问使用Kafka - master的Spring批处理远程分区始终继续JobListener中最古老的作业。
EN

Stack Overflow用户

提问于 2022-06-13 10:14:36

回答 1查看 243关注 0票数 0

我使用的是spring-batch和spring-boot 2.5.6。我决定使用以Kafka为中间件的远程分区。我有一个经理和三个工人。因此，为管理器的输入主题分配了一个分区，为员工的输入分配了三个分区。

管理器获取一个文件，创建多个ExecutionContext，并通过Kafka发送这些文件。工作人员开始处理相应的步骤，并在流程结束时发送消息。经理将汇总员工的结果，并决定完成所有员工的工作。到目前一切尚好。

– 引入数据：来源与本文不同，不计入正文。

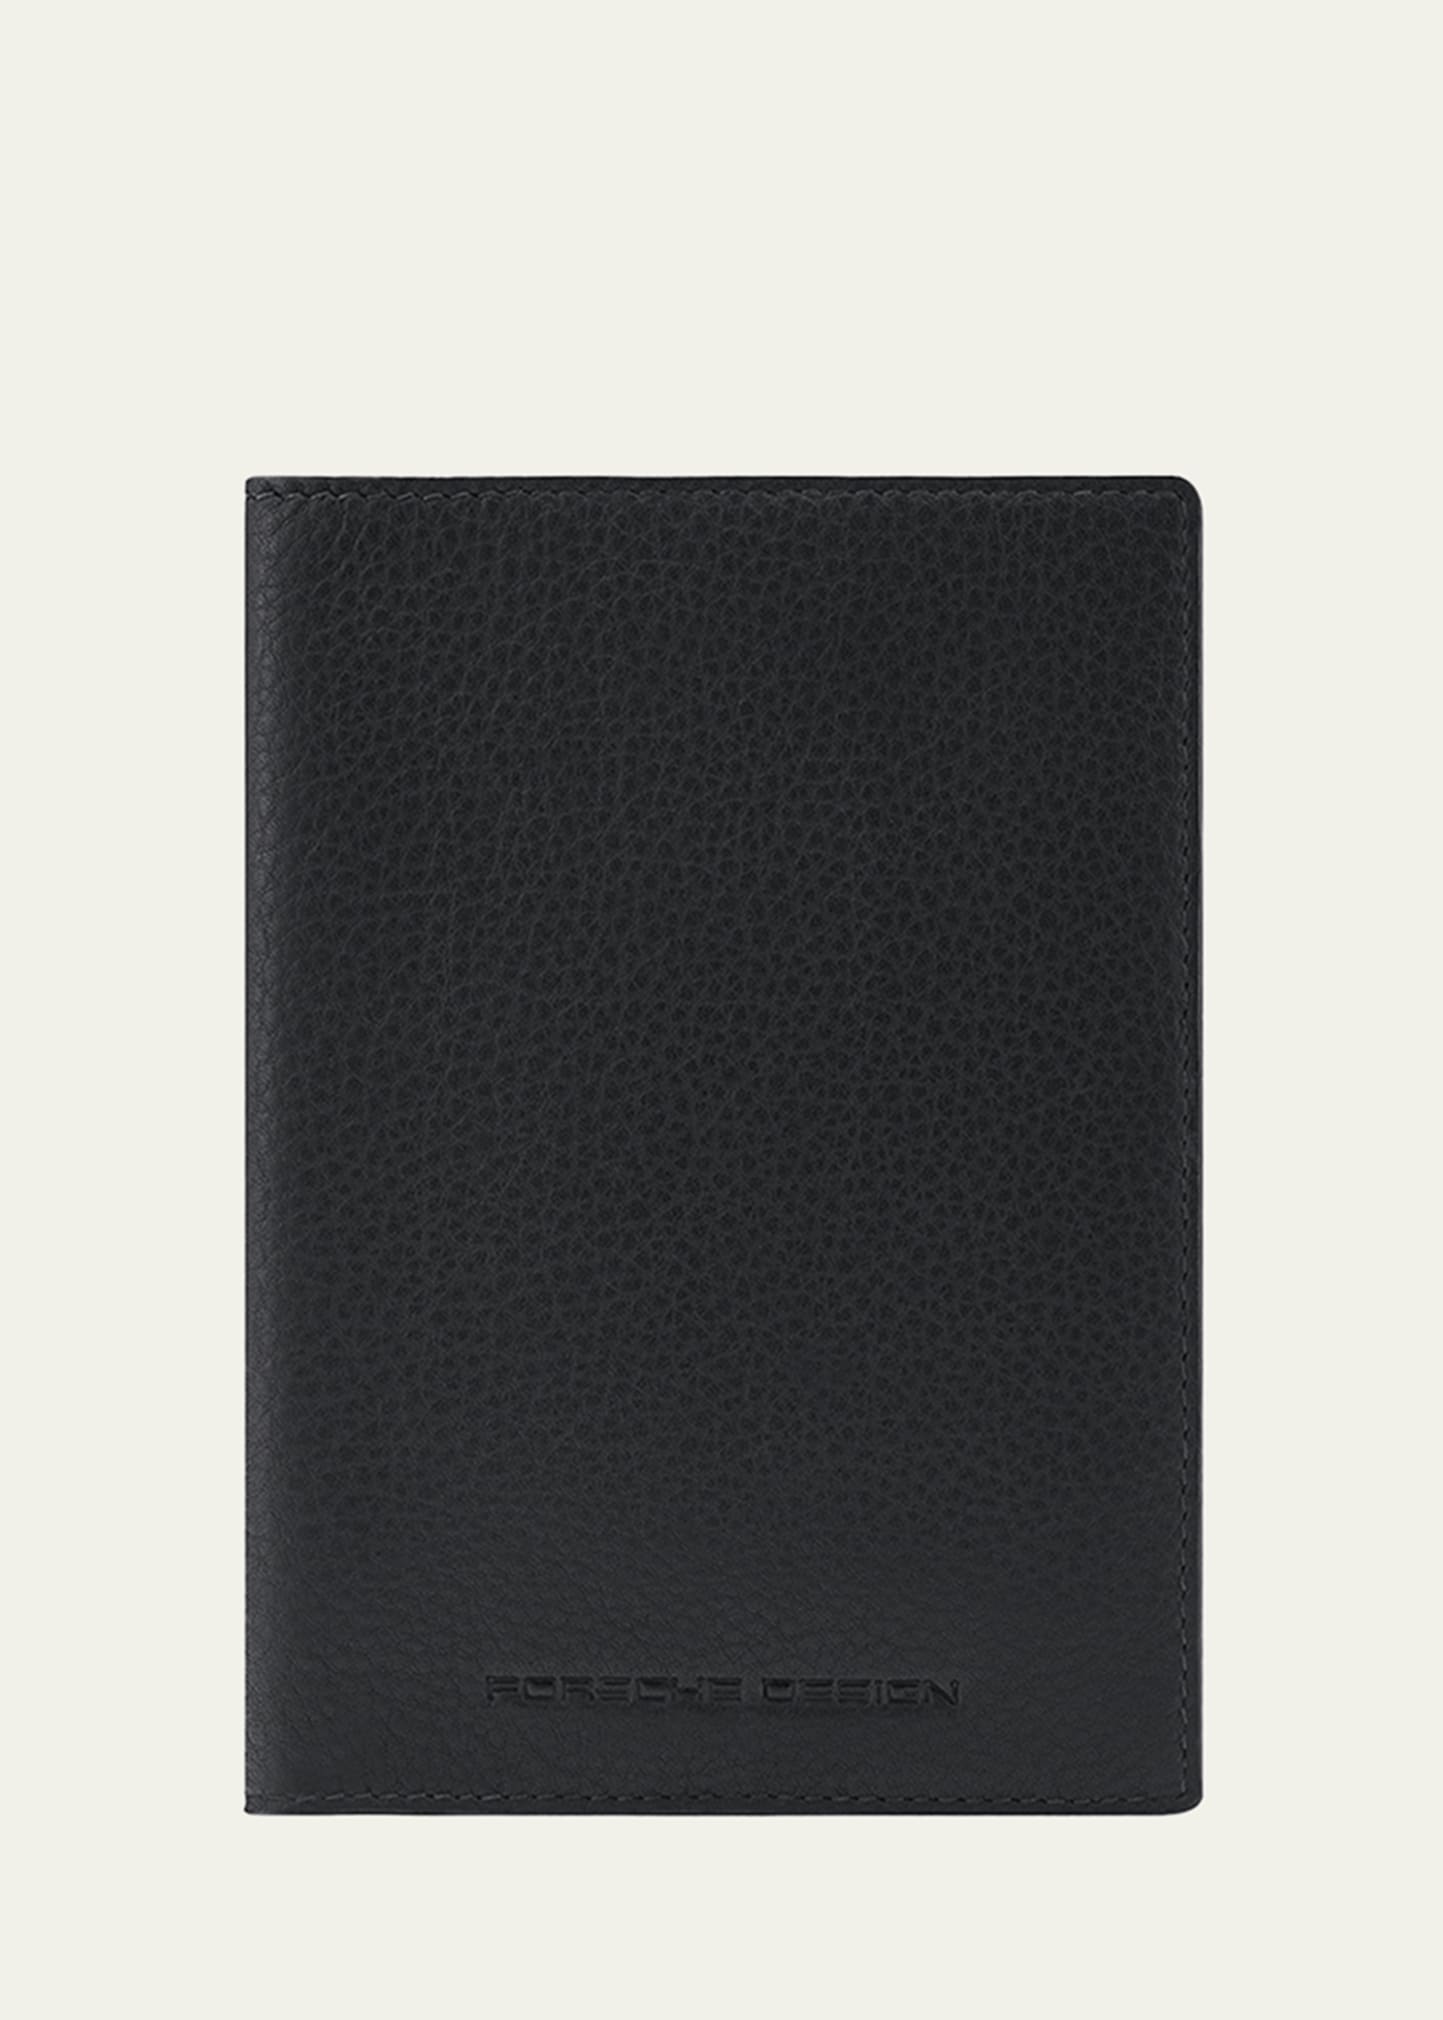 Porsche Design Business Passport Holder In Black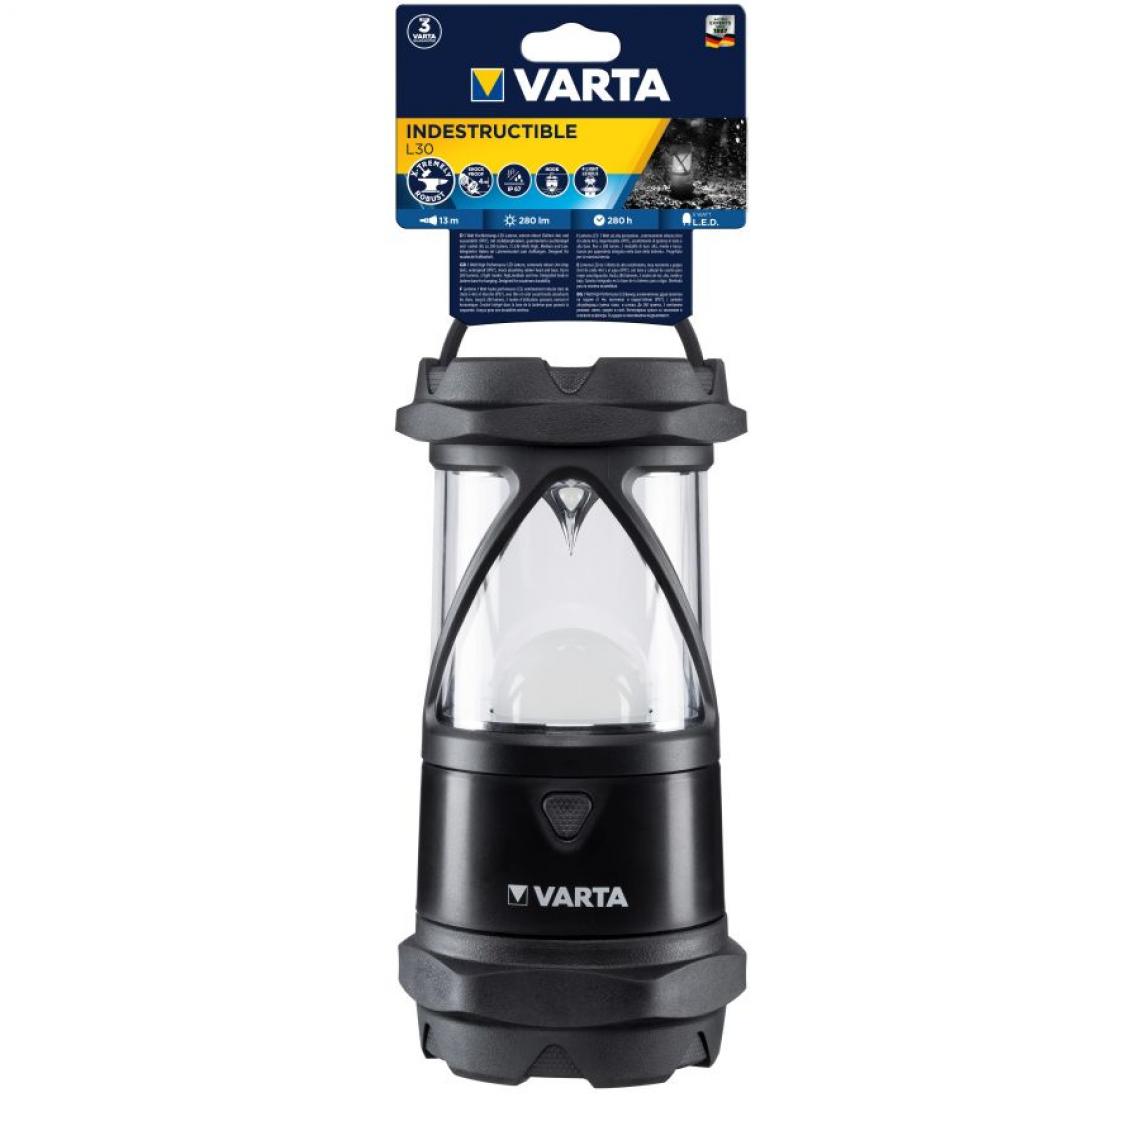 Varta - Torche Indestructible VARTA PRO L30 - 6 AA (non incluses) - 18761101111 - Lampes portatives sans fil

现在假设我首先运行一个需要大量时间才能完成的长期运行的作业，然后运行一个完成很快的小任务。不足为奇的是，第二个作业完成得更快，并发出一个已完成的信号，经理将使用此消息并继续该过程。我甚至检查了AggregatingMessageHandler，完成的消息只与第二个作业(短时间运行的一个)有关，我检查了jobExecutionId。

现在问题发生了，我有一个JobListener，它有一个afterJob方法。此方法将针对第一个作业(工人仍在处理的长期作业)运行，而不是针对第二个作业(已完成的信号已发送给它的短运行作业)！我可以通过查看jobExecutionId来说明这一点。这真的很奇怪，因为我从来没有在日志中看到第一份工作有一个完成信号。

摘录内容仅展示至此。